**Problem requirements:** Nothing but the lines below from the one with "Mr incredible becoming" through the one with "Mark Ramprakash drives" should be output, each exactly as given, and no pictures.

**Entries supplied:**
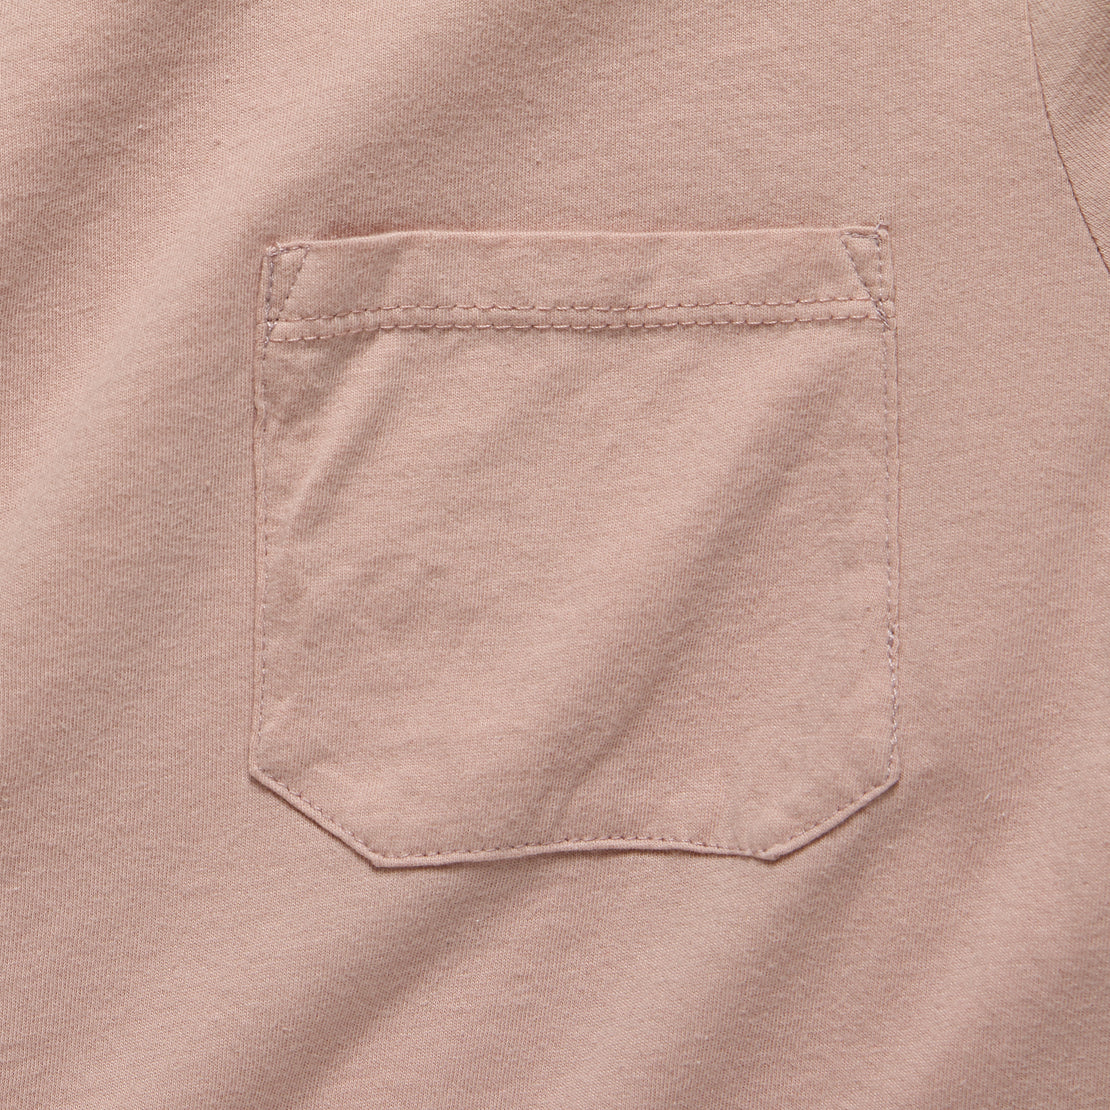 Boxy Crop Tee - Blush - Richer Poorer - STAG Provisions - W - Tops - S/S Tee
---
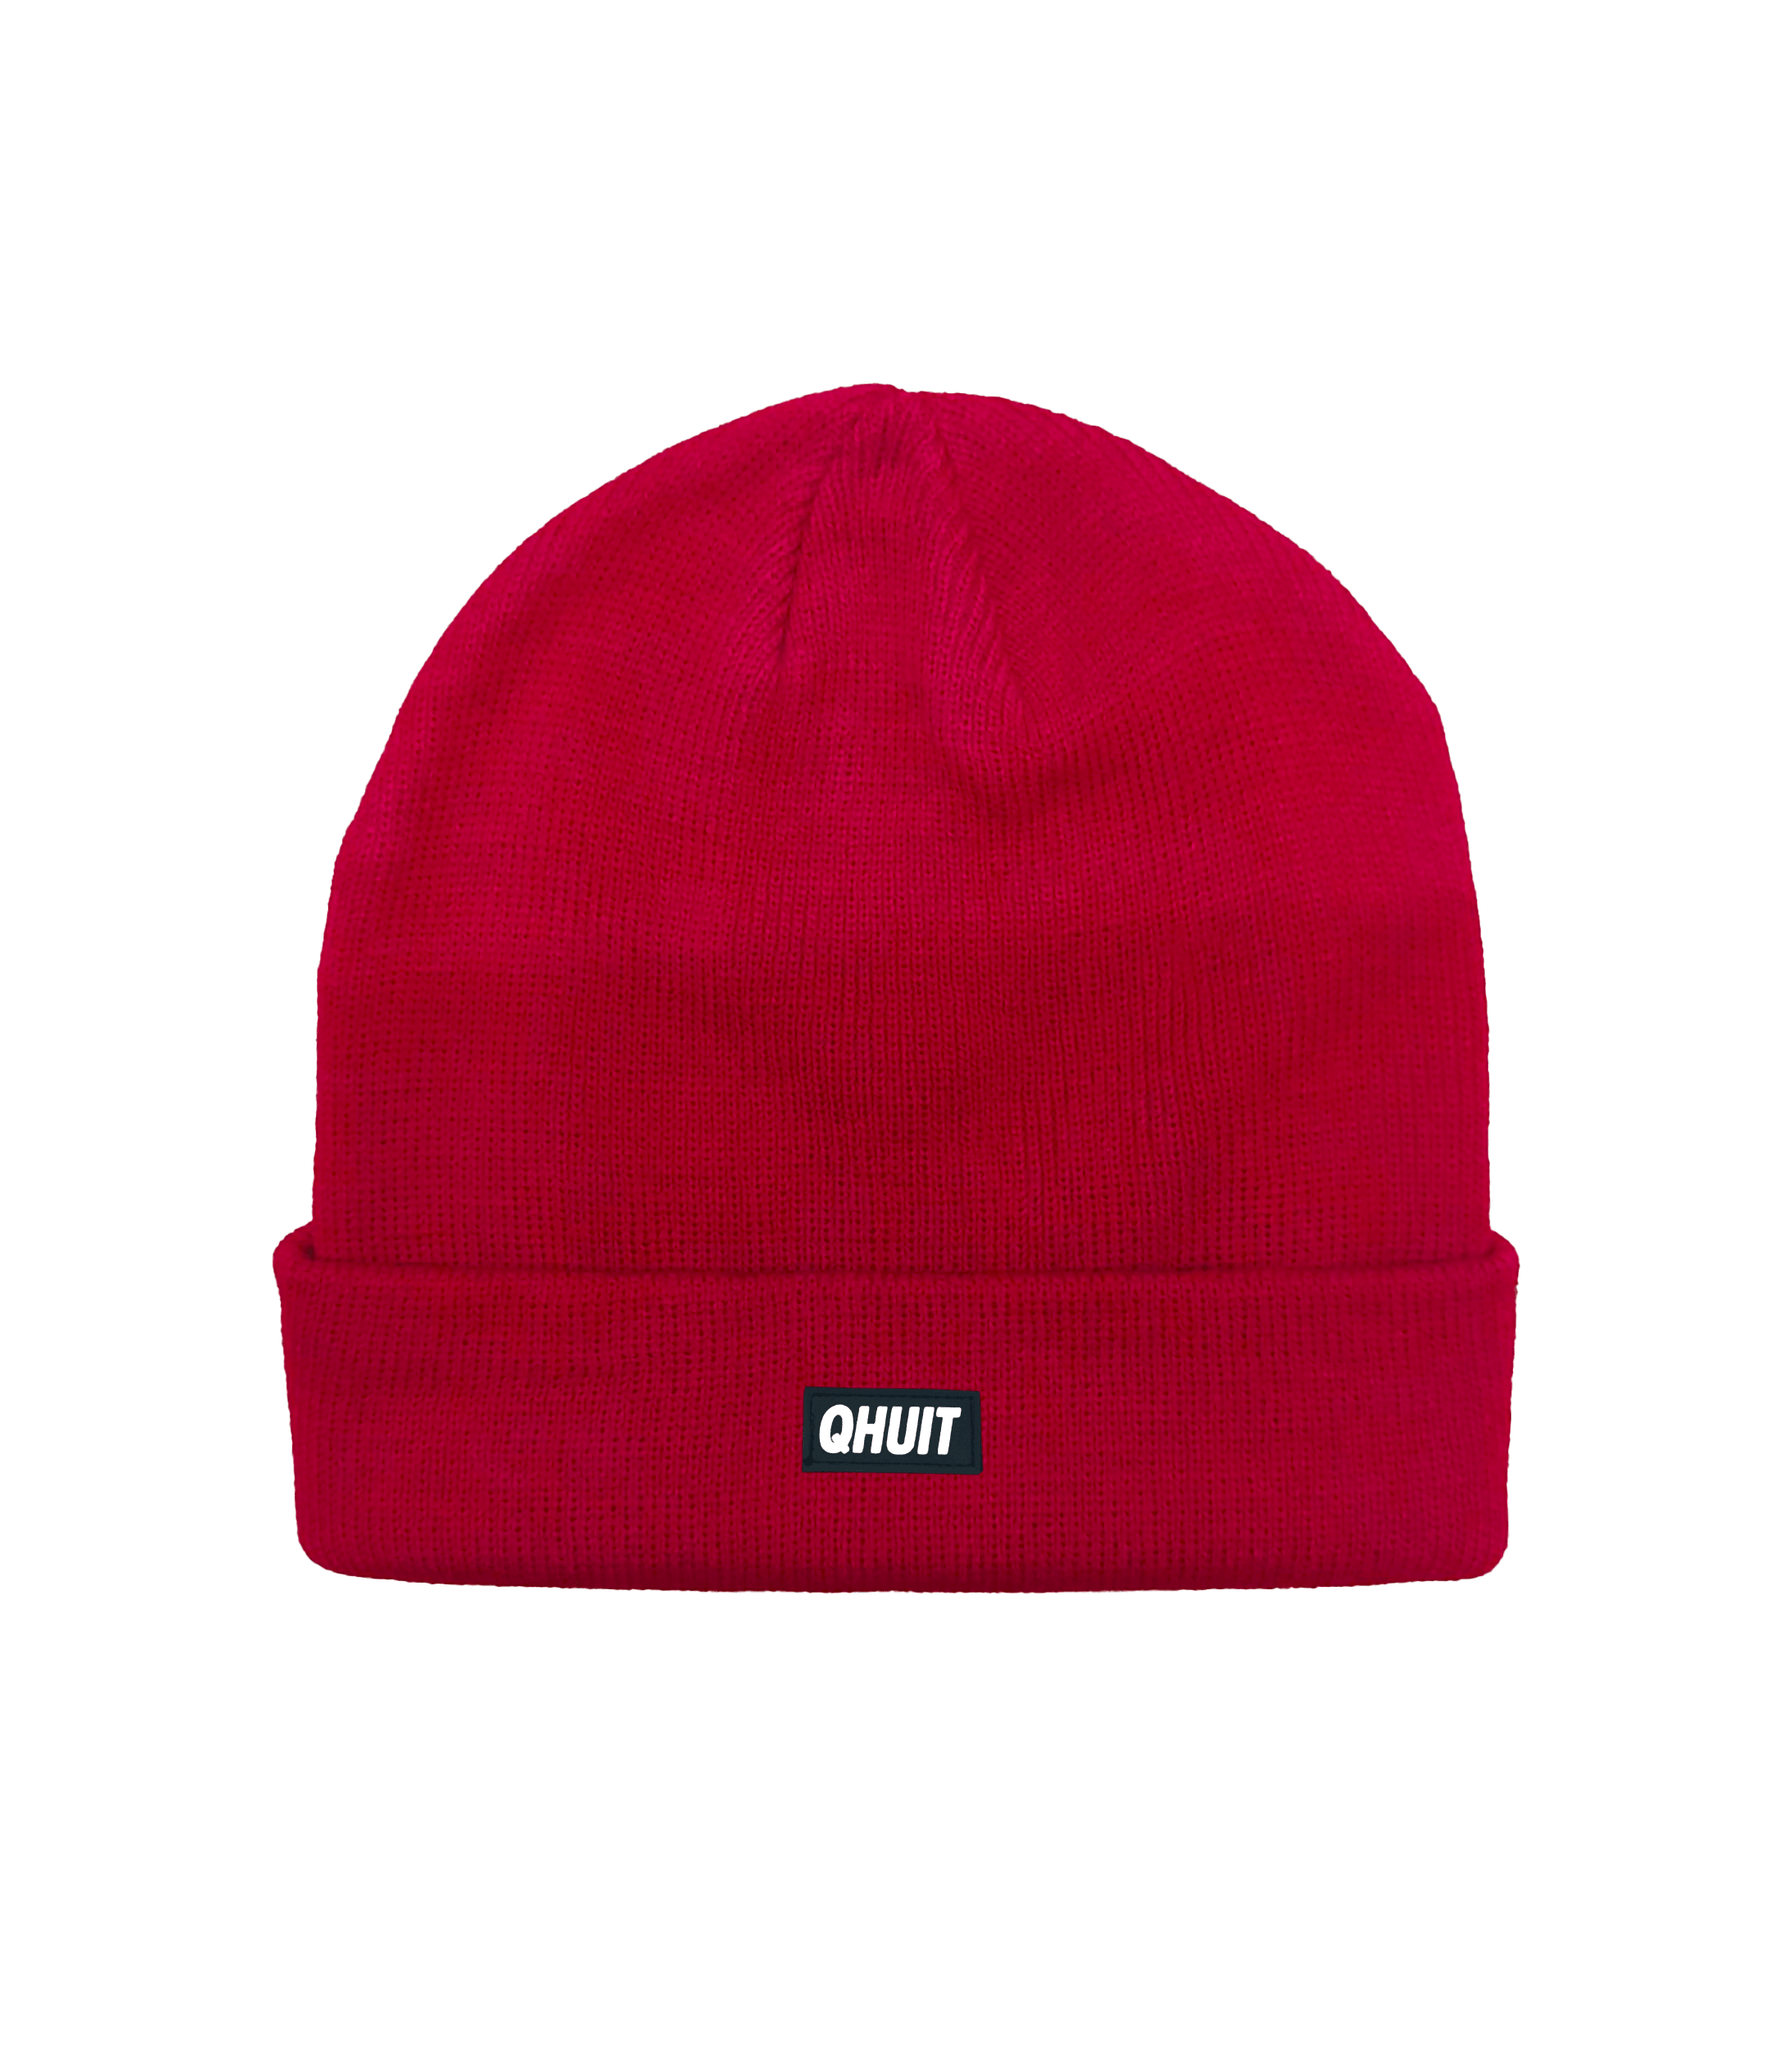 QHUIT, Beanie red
==
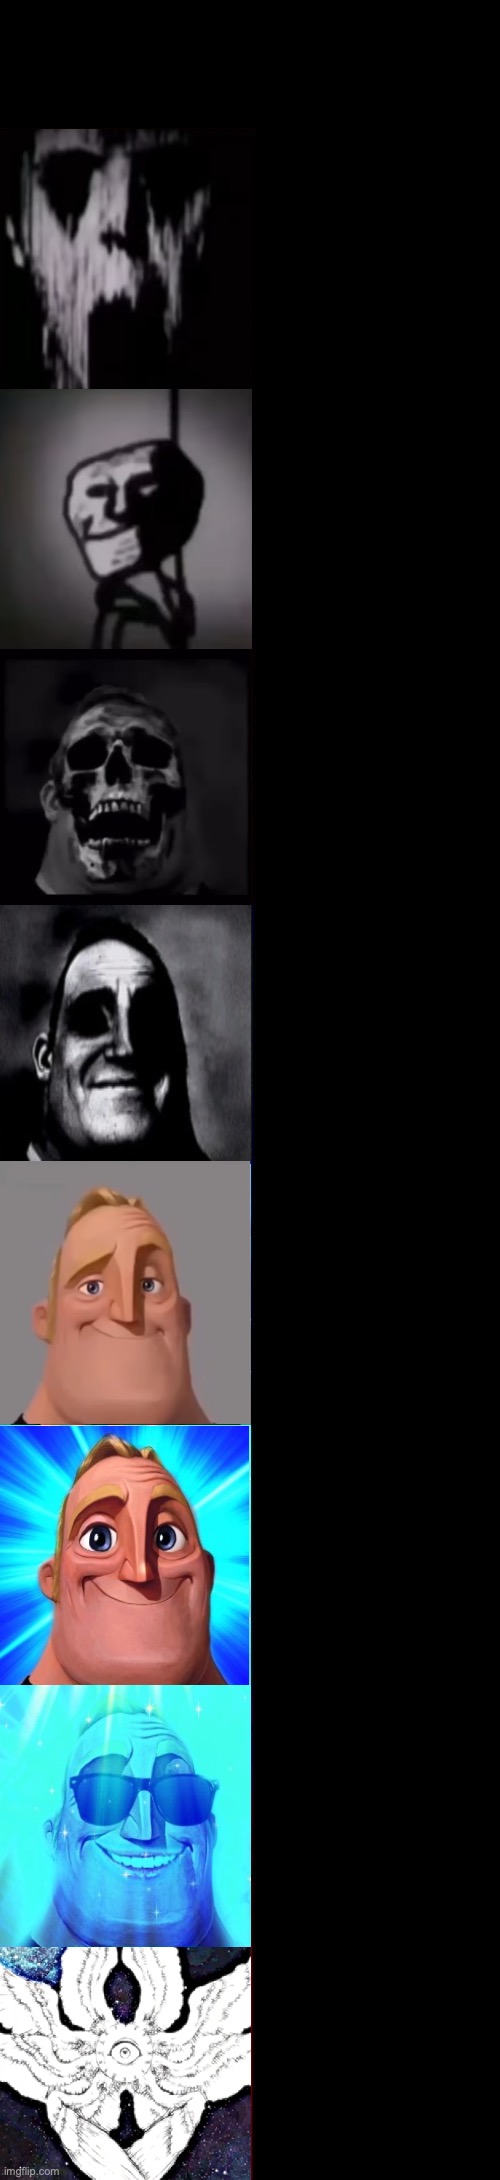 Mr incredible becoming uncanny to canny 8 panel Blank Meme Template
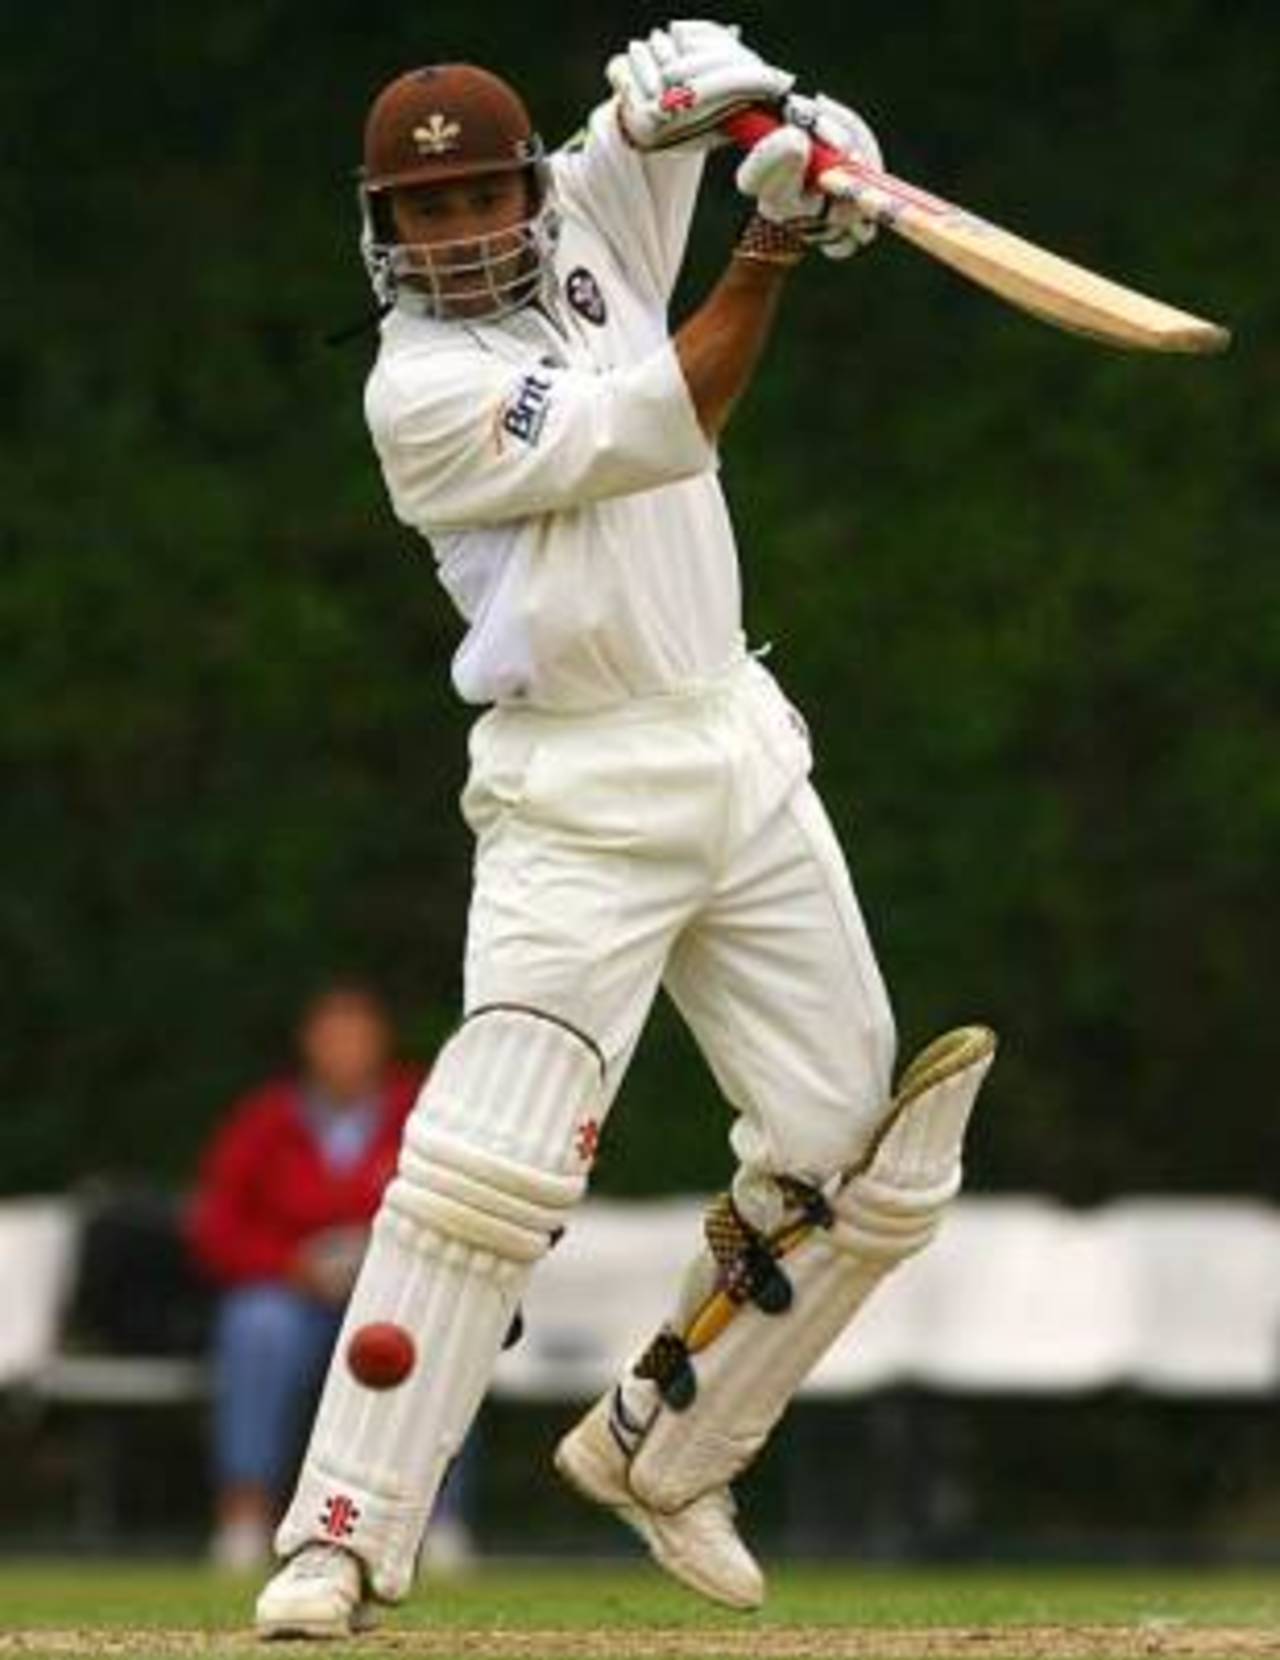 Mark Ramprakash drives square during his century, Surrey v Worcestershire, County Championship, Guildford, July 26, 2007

**Task result:**
 Mr incredible becoming uncanny to canny 8 panel Blank Meme Template
 Mark Ramprakash drives square during his century, Surrey v Worcestershire, County Championship, Guildford, July 26, 2007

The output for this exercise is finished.